**Task to complete:** Transcribe the data exactly. Pictures stay out.

**Data section:**

=== Section Start ===

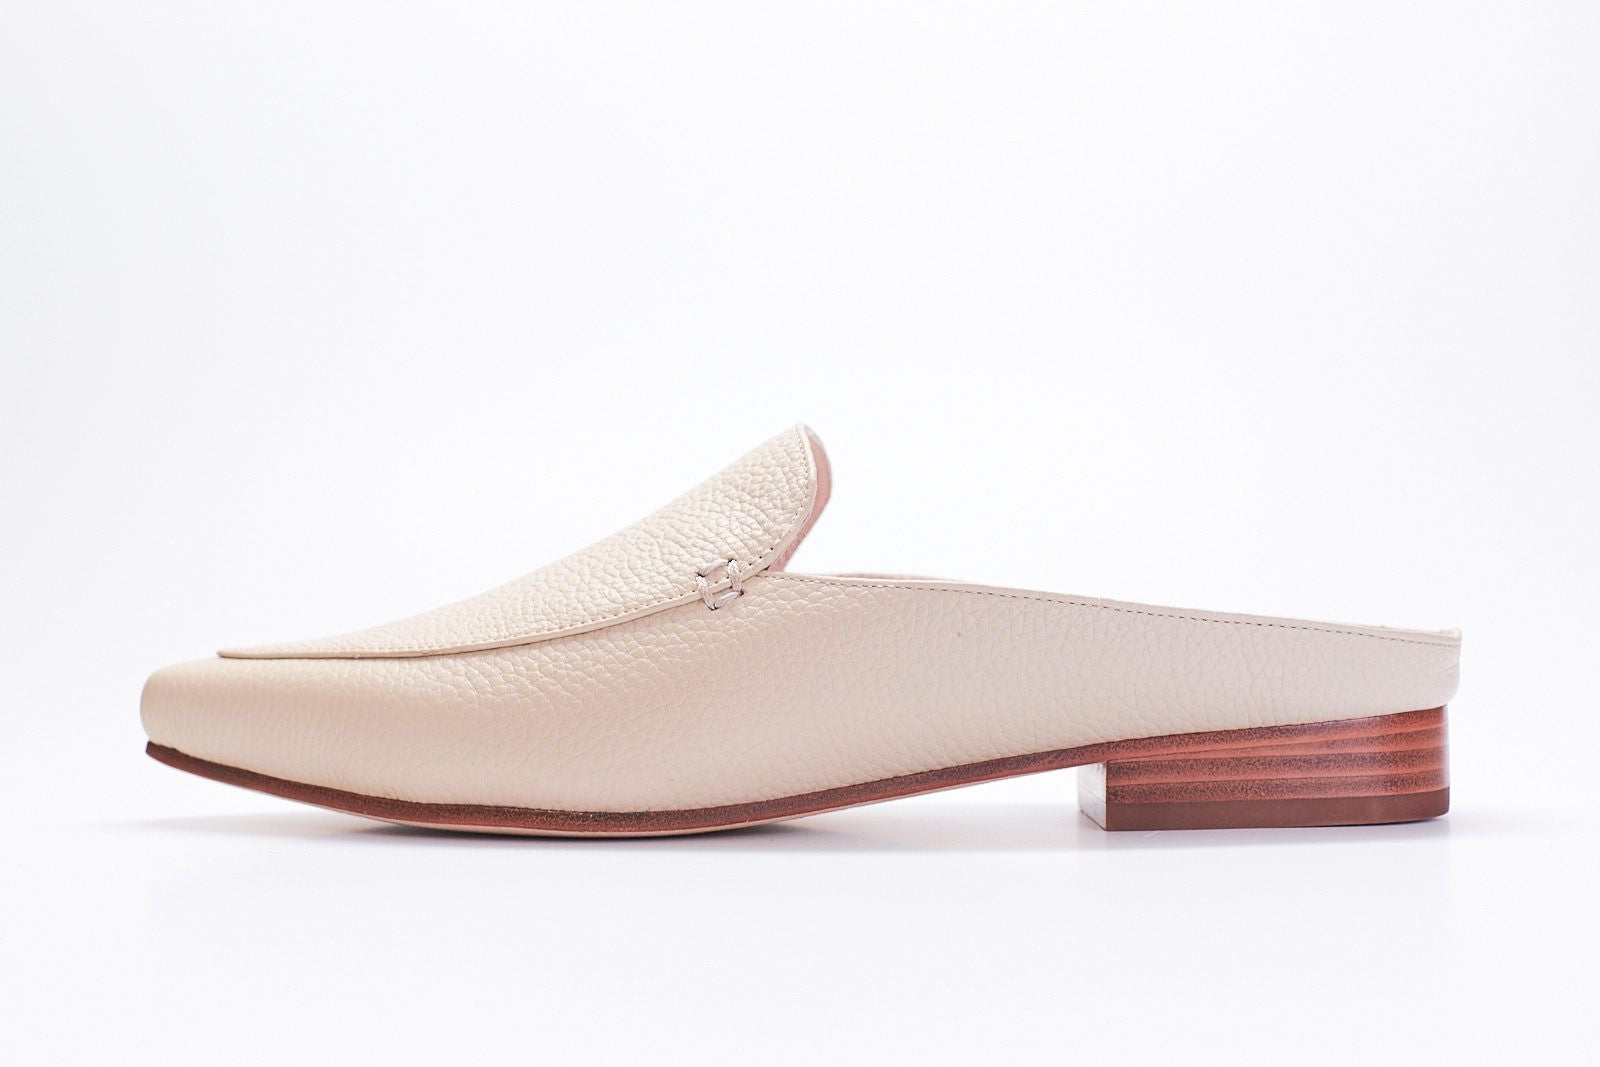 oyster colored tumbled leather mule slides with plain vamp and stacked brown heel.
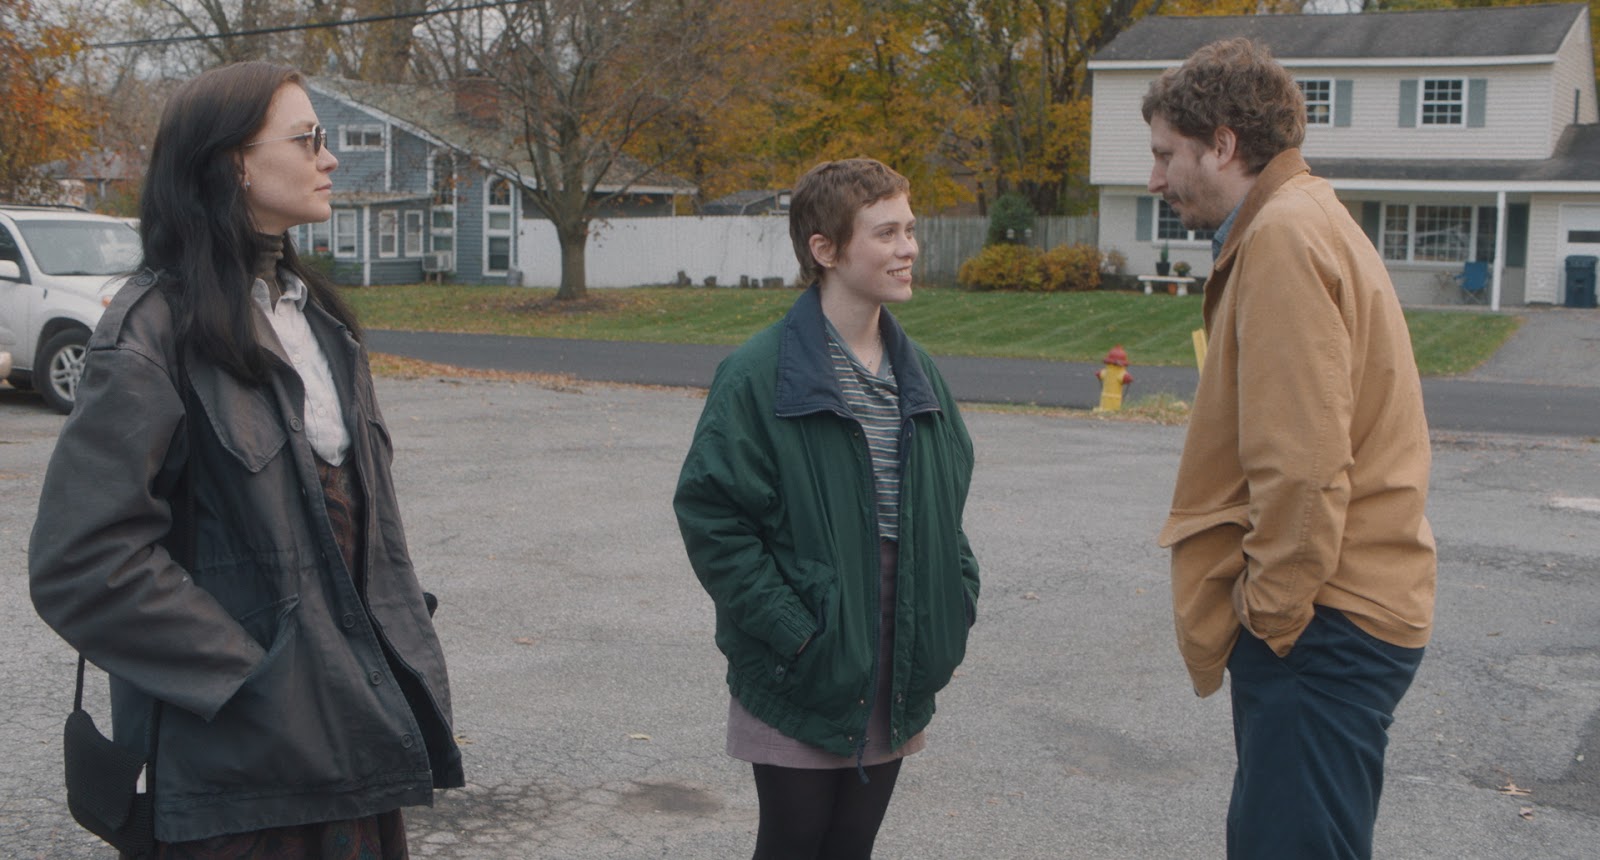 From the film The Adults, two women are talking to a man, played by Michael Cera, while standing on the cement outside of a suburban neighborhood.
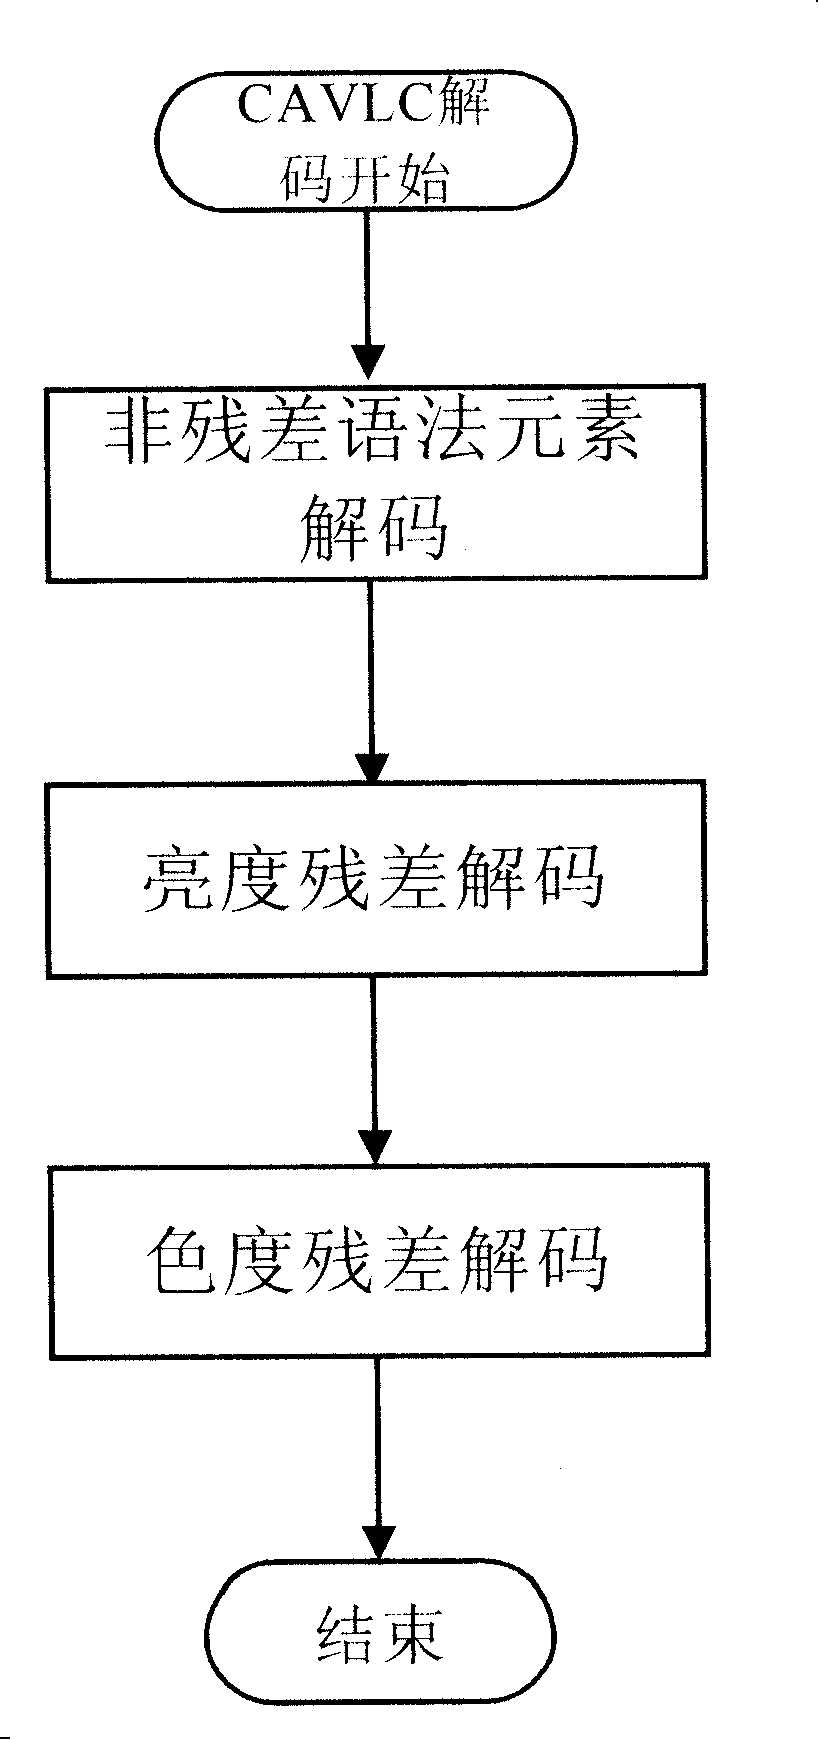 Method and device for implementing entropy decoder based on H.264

=== Section End ===

**Response to the task:**
 oyster colored tumbled leather mule slides with plain vamp and stacked brown heel.
 From the film The Adults, two women are talking to a man, played by Michael Cera, while standing on the cement outside of a suburban neighborhood.
 Method and device for implementing entropy decoder based on H.264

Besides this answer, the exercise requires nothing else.